本课题组前期研究发现,含有部分无定型结构的Al2O3具有紫外光催化活性,且具有杂质能级,将无定型氧化铝与部分半导体复合,Al2O3的杂质能级可以起到分离光生电子-空穴的作用。将Al2O3和g-C3N4进行复合,在纳米尺度上进行结构调控和组分优化,可有效提高g-C3N4的光量子效率。但现有技术进行氧化铝与g-C3N4复合时,通常使用两步法进行,即首先制备g-C3N4,再进行Al2O3的复合。这些方法存在着制备过程复杂、耗时长,得到的产品光催化产氢效率不高等问题。
发明内容
本发明的目的是提供一种制备超薄g-C3N4/Al2O3纳米复合光催化剂的方法,实现了一步快速制备g-C3N4/Al2O3纳米复合光催化剂,并使Al2O3和g-C3N4在纳米尺度的高分散复合,提高了复合材料的可见光催化产氢和光催化降解污染物的活性。
本发明采取的技术方案如下:一种制备超薄g-C3N4/Al2O3纳米复合光催化剂的方法,包括以下步骤:
(1)将一定量三聚氰胺加入甲醇中,加热冷凝回流搅拌1~2h,得到悬浊液A;
(2)按比例将一定量的九水合硝酸铝溶于甲醇,并转入步骤(1)得到的悬浊液A内,以相同温度继续加热冷凝回流,搅拌1~2h,得到悬浊液B;
(3)将步骤(2)得到的悬浊液B过滤,洗涤、干燥,干燥后的固体在马弗炉中煅烧,得到成品。
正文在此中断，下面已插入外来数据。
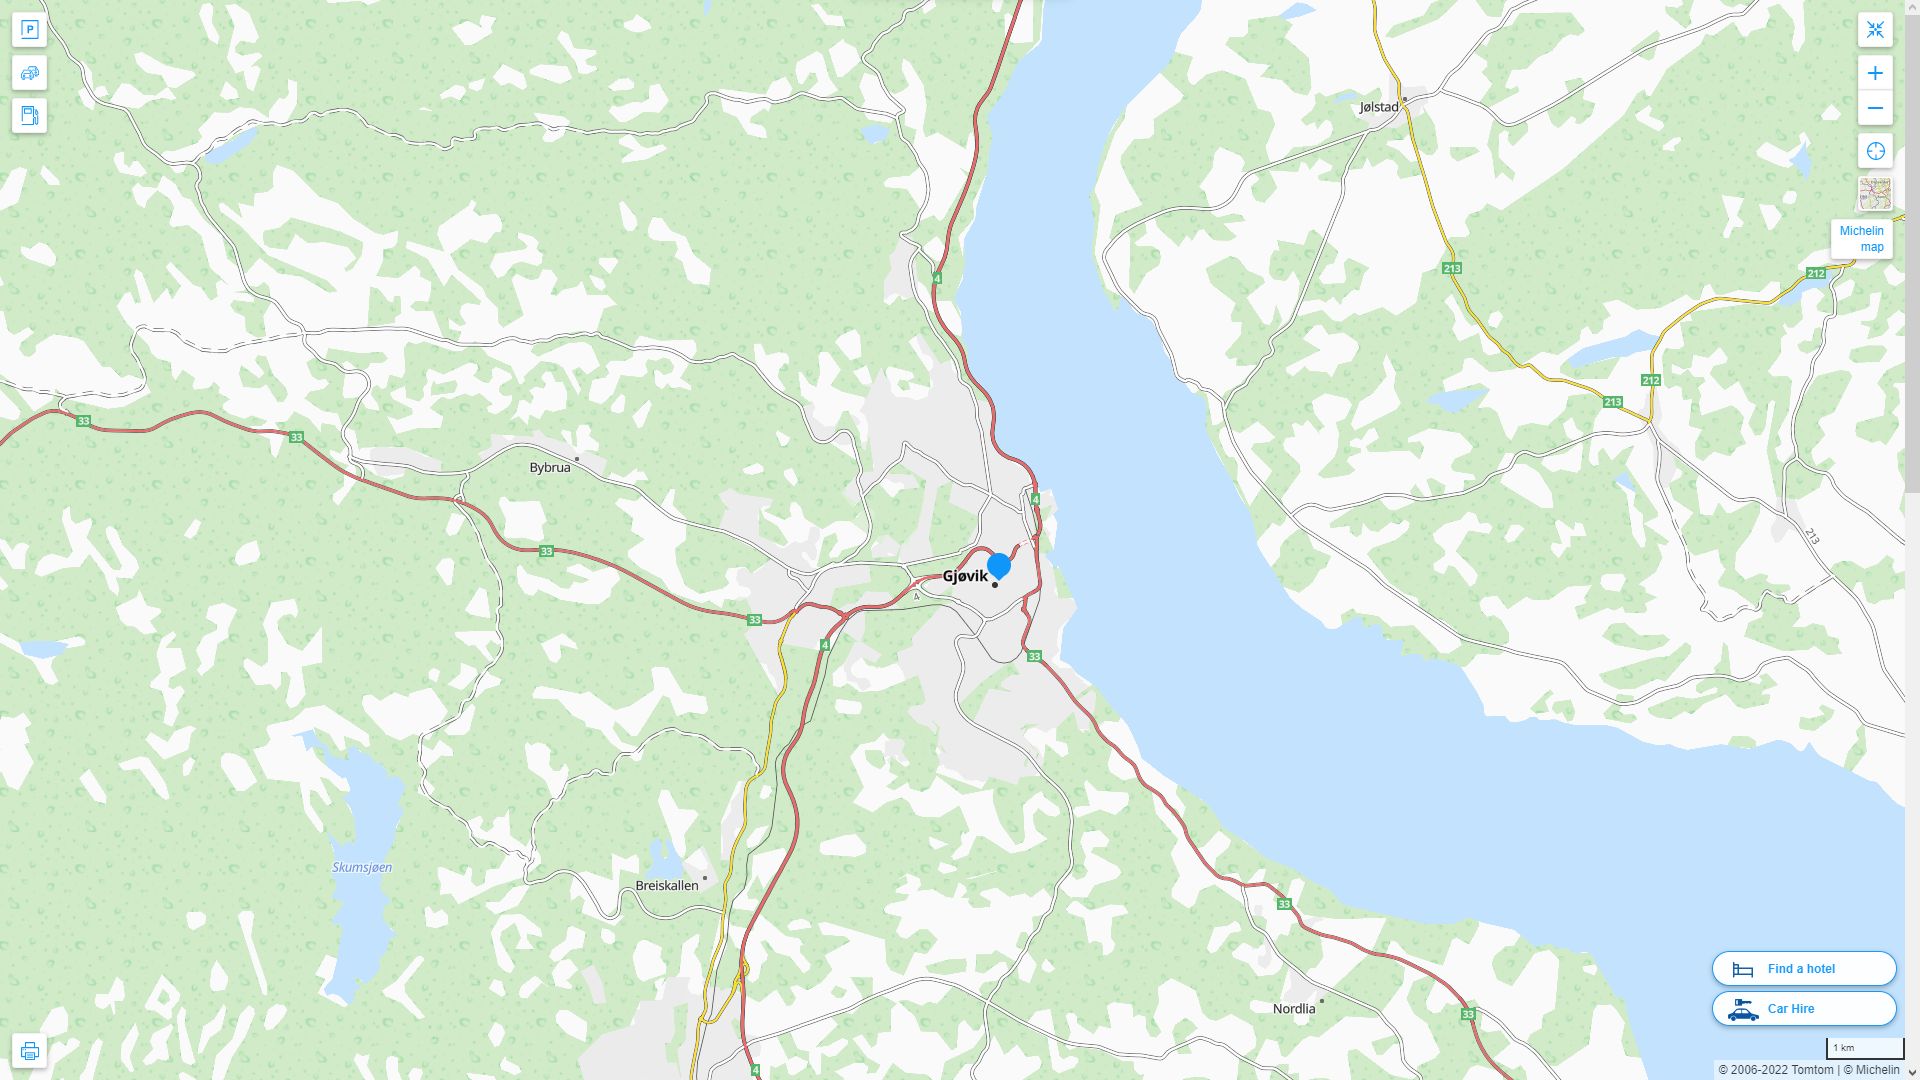 Gjovik Norvege Autoroute et carte routiere

本发明,步骤(1)中,三聚氰胺和甲醇的质量比为1: 10~40。
本发明,步骤(2)中,三聚氰胺和九水合硝酸铝的质量比为1:0.5~5。
本发明,步骤(1)、(2)中,所用甲醇为无水甲醇。
本发明,步骤(1)、(2)中,冷凝回流温度为50~80℃。
本发明,步骤(3)中,煅烧温度为500~600℃,煅烧时间为2~3h。
本发明的方法合成的g-C3N4/Al2O3复合光催化剂,一是可以提高g-C3N4的比表面积;硝酸铝在甲醇中与三聚氰胺反应,形成酸化三聚氰胺和氢氧化铝的复合前驱体,在煅烧过程中,经硝酸酸化后的三聚氰胺聚合生成的g-C3N4具有更大的比表面积,同时由于氢氧化铝的支撑作用,使g-C3N4以超薄片形式存在,进一步增大了复合物中g-C3N4的比表面积。二是氧化铝的复合可以有效提高g-C3N4的光催化活性;复合物中氧化铝主要以无定型形式存在,氧化铝体相中的杂质能级可以分离g-C3N4的光生电子,从而提高光催化活性。另外,使用一步煅烧原位制备超薄g-C3N4/Al2O3纳米复合光催化剂,制备工艺简单,反应耗时短,成本低。本发明合成的超薄g-C3N4/Al2O3纳米复合光催化剂,比表面积最大可达80.4m2/g,可见光活催化活性高,300W氙灯为光源并加400nm滤光片情况下,光催化分解水产氢速率和降解罗丹明B速率明显高于热解三聚氰胺制备的单一相g-C3N4。
本发明取得以下有益效果:
制备过程简单,耗时短,制备成本低;该法制备得到的Al2O3/g-C3N4复合光催化剂具有较高比表面积、g-C3N4以超薄片形式存在,Al2O3颗粒为无定型态,高度分散于g-C3N4表面,使Al2O3和g-C3N4形成了适当的纳米复合结构,增强了g-C3N4的电子-空穴的分离效率,明显提高Al2O3和g-C3N4在可见光下的光催化分解水制氢和光催化降解有机污染物性能。
附图说明
图1为实施例1-4(S1-4)所制备的Al2O3/g-C3N4复合光催化剂的X射线衍射图谱。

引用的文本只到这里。